Shortly thereafter, the North American Light & Power Company wrote petitioners:

"Herewith is delivered to you certificate No. 365 representing 20,000 shares of the Common Stock of the North American Light & Power Company, a Maine Corporation, issued in the name of Charles F. Glore. The par value of these shares is $5, and the total authorized issue issued and outstanding at the present time is 200,000 shares.

"This is so issued at your request and is delivered in harmony with a letter addressed to you under date of March 10, 1923, signed by Clement Studebaker, Jr. This stock is made available through contribution by * * * owners of the Common Stock of the North American Light & Power Company."
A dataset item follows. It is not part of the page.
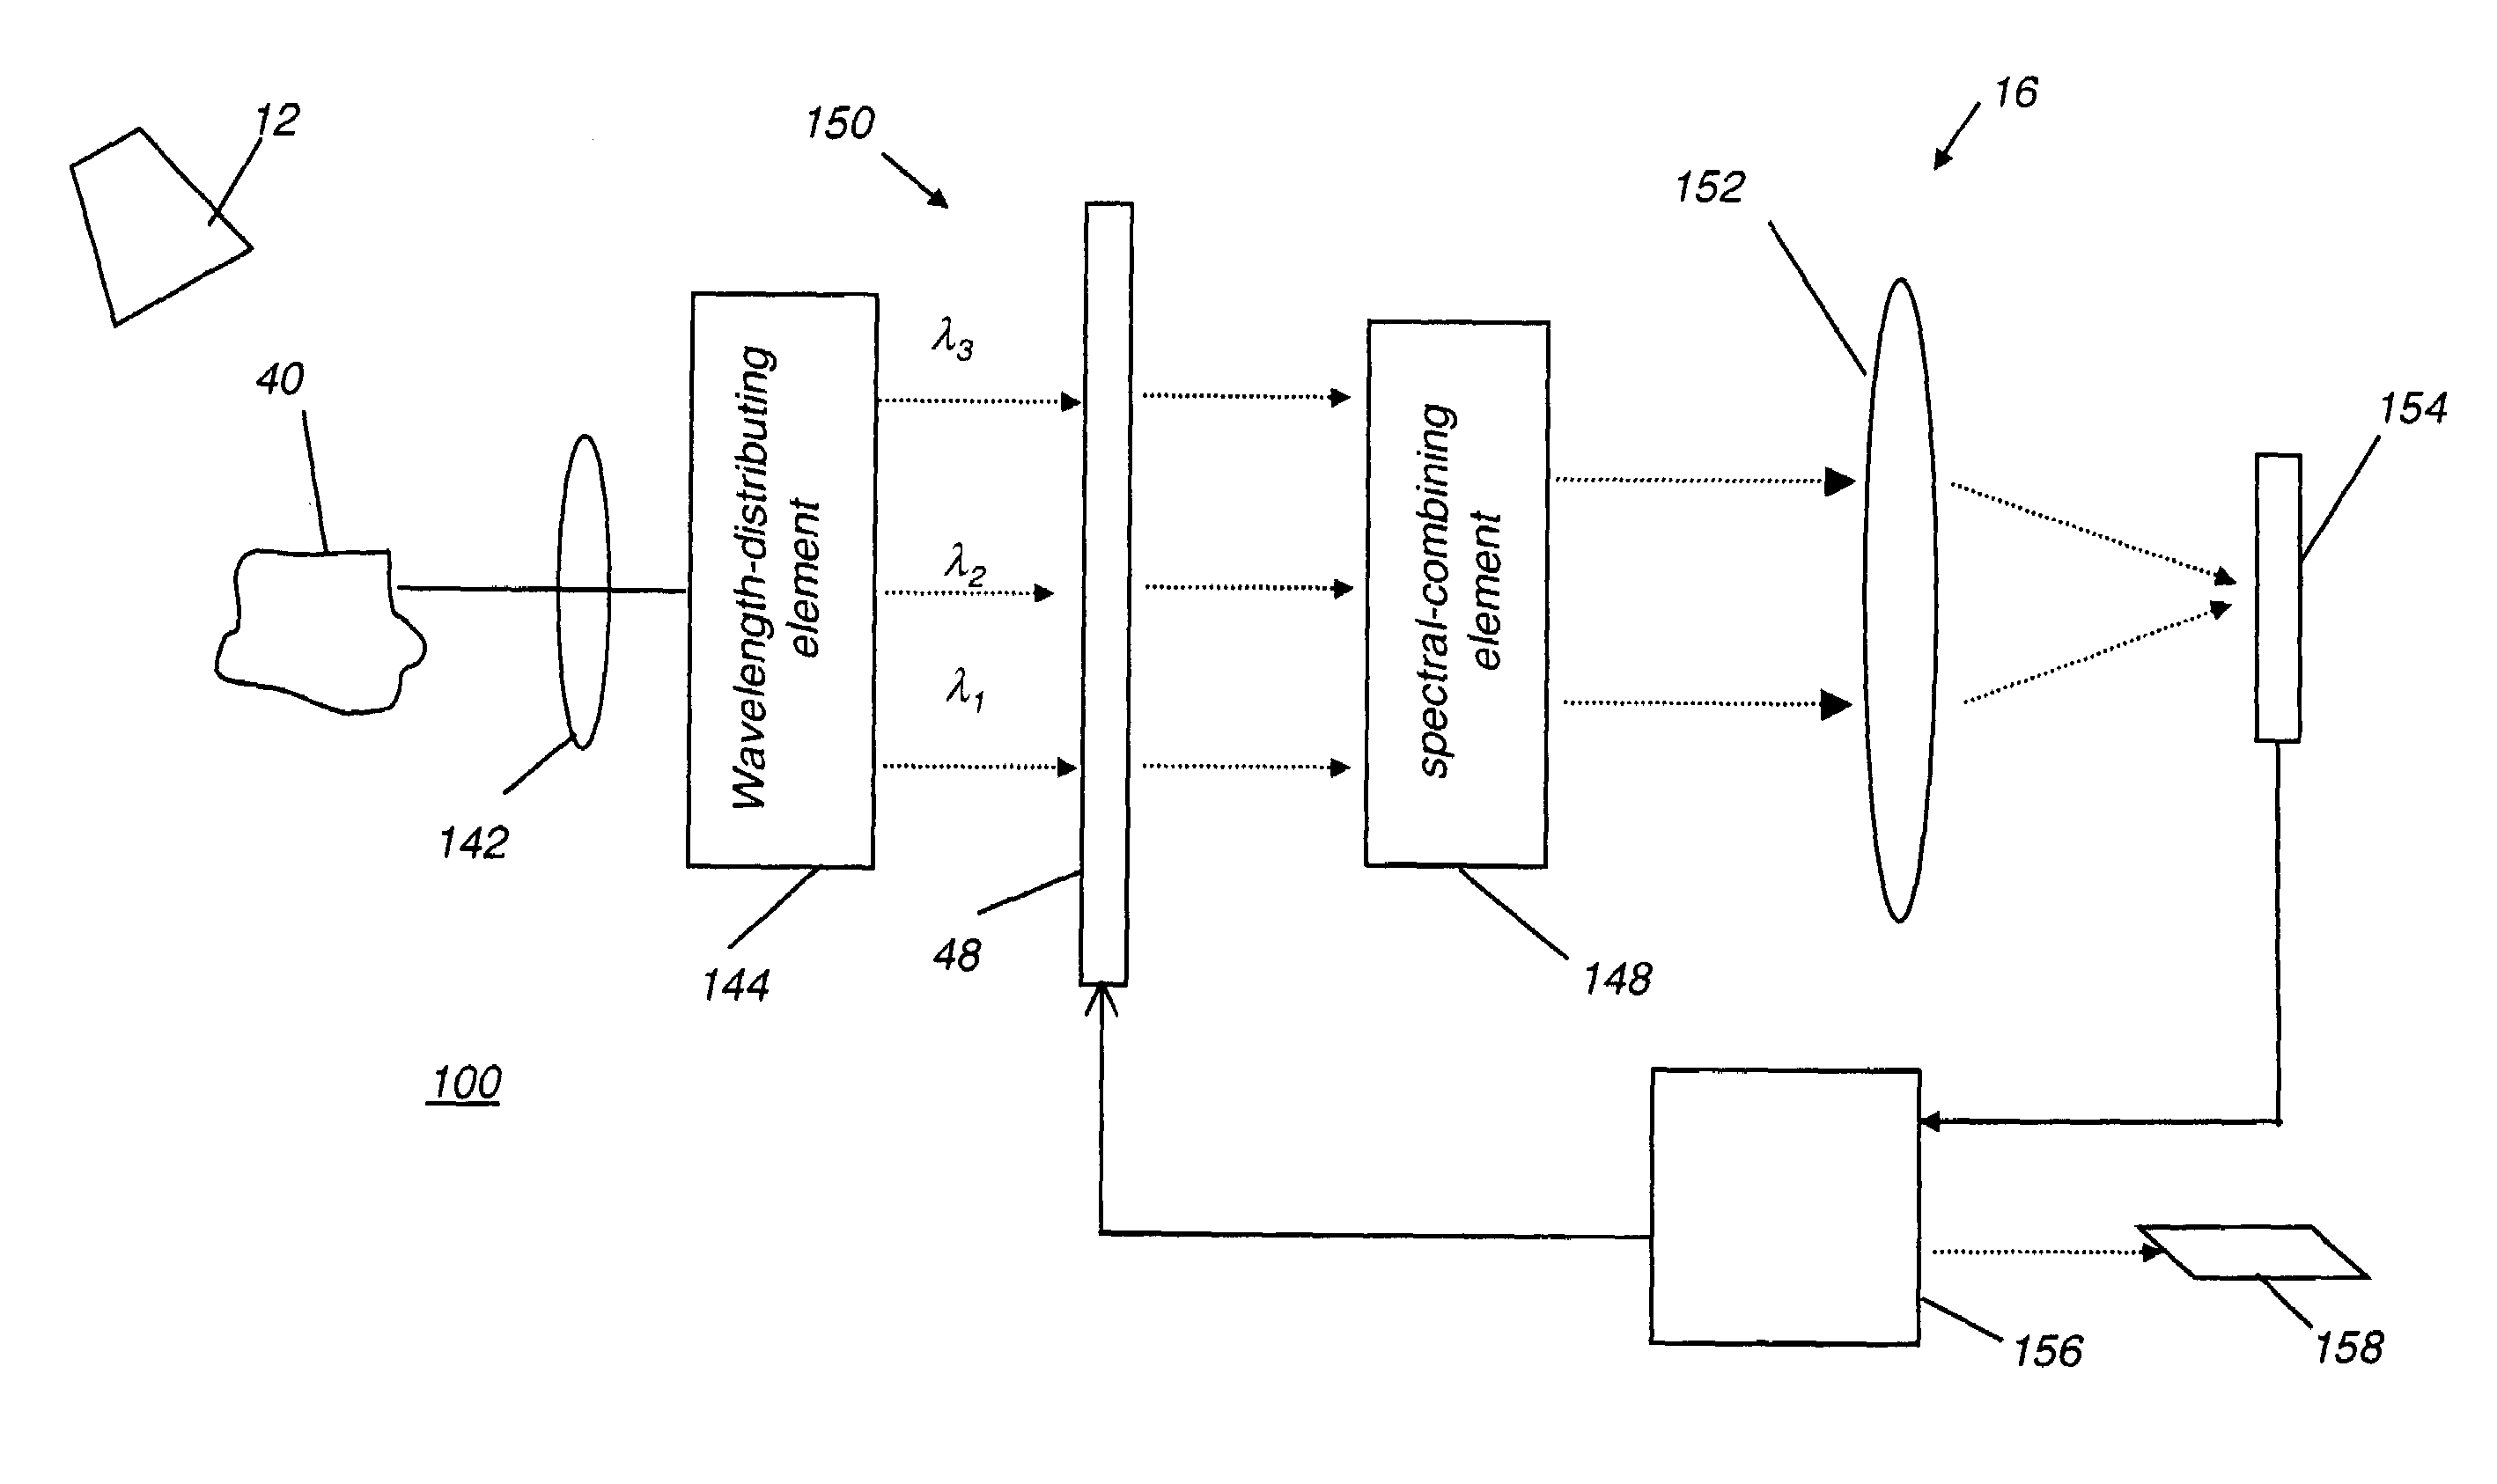 Programmable spectral imaging system

There are two questions involved in the determination of this appeal: (a) Were the 20,000 shares of stock a commission for the purchase or negotiation of the $1,250,000 of 7 per cent. debenture bonds, or did petitioner buy the $1,250,000 of debenture bonds and the 20,000 shares of stock for 90 plus interest? (b) If the first question (a) be decided in favor of respondent, does the evidence show said stock to have been worth $10 per share in 1923?

(a) The rule, which necessitates acceptance of the Board of Tax Appeals' findings, if there be competent evidence to support them, is well recognized. Avery v. Commissioner (C.C.A.) 22 F.2d 6, 55 A.L.R. 1277. The instant appeal is one which calls for its application. Supporting the finding that the stock was delivered to the petitioner as a commission are the following facts: No mention of the stock was made in the written agreement, wherein the bonds were sold. The petitioner's books evidence a purchase of the bonds only. The figures and words fixing the price "90 and interest" appropriately refer to the 7 per cent. debentures but not to the stock. Letters from which quotations have been made suggest that the stock was a commission to the banker for services rendered in negotiating the sale of the debentures. In the face of these facts, we are unable to say that there was no evidence to support the findings of the Board of Tax Appeals.

(b) A closer question is presented by the second inquiry.

The Board of Tax Appeals found that the fair value of the stock thus turned over to the petitioner as commission was $10 a share. Petitioner asserted that the stock had only possibilities. If and when certain conditions arose, it would have a value. Otherwise it was valueless. Their argument, abbreviated, is, that value cannot be predicated on hopes; that possibilities may be used as "talking points" by bond salesmen, but they afford no basis for tax assessments.

If back of this stock valuation there was nothing but hopes of the promoters, we would readily accept petitioner's contention, for it is common knowledge that, from a sowing of hopes, the promoter and his customers often reap only a harvest of barren regrets.

There was, however, some evidence which showed the stock was not valueless. Some of it sold in 1923 for prices which ranged from $5 to $10 per share. The letter above quoted in part indicated the possibility of a 100 per cent. stock dividend. The contemplated arrangement for a voting trust and a close control of the stock carried, not only the suggestion of a possible future rise in the market value of the stock, but also an existing value at the time. The Board of Tax Appeals' conclusion from these facts is much strengthened by the failure of petitioner to produce evidence which would have been enlightening. Petitioner did not produce its balance sheet for 1923, although opportunity was afforded it so to do. In fact, we might say that the record showed it was invited to produce its balance sheet. Inferences arising from petitioner's failure to avail itself of this opportunity are decidedly unfavorable to the taxpayer's present contentions, for surely a taxpayer is not in an enviable position to assail an assessment when it fails to produce competent and persuasive proof of the facts within its possession upon which an intelligent assessment may be predicated.

The order of the Board of Tax Appeals is affirmed.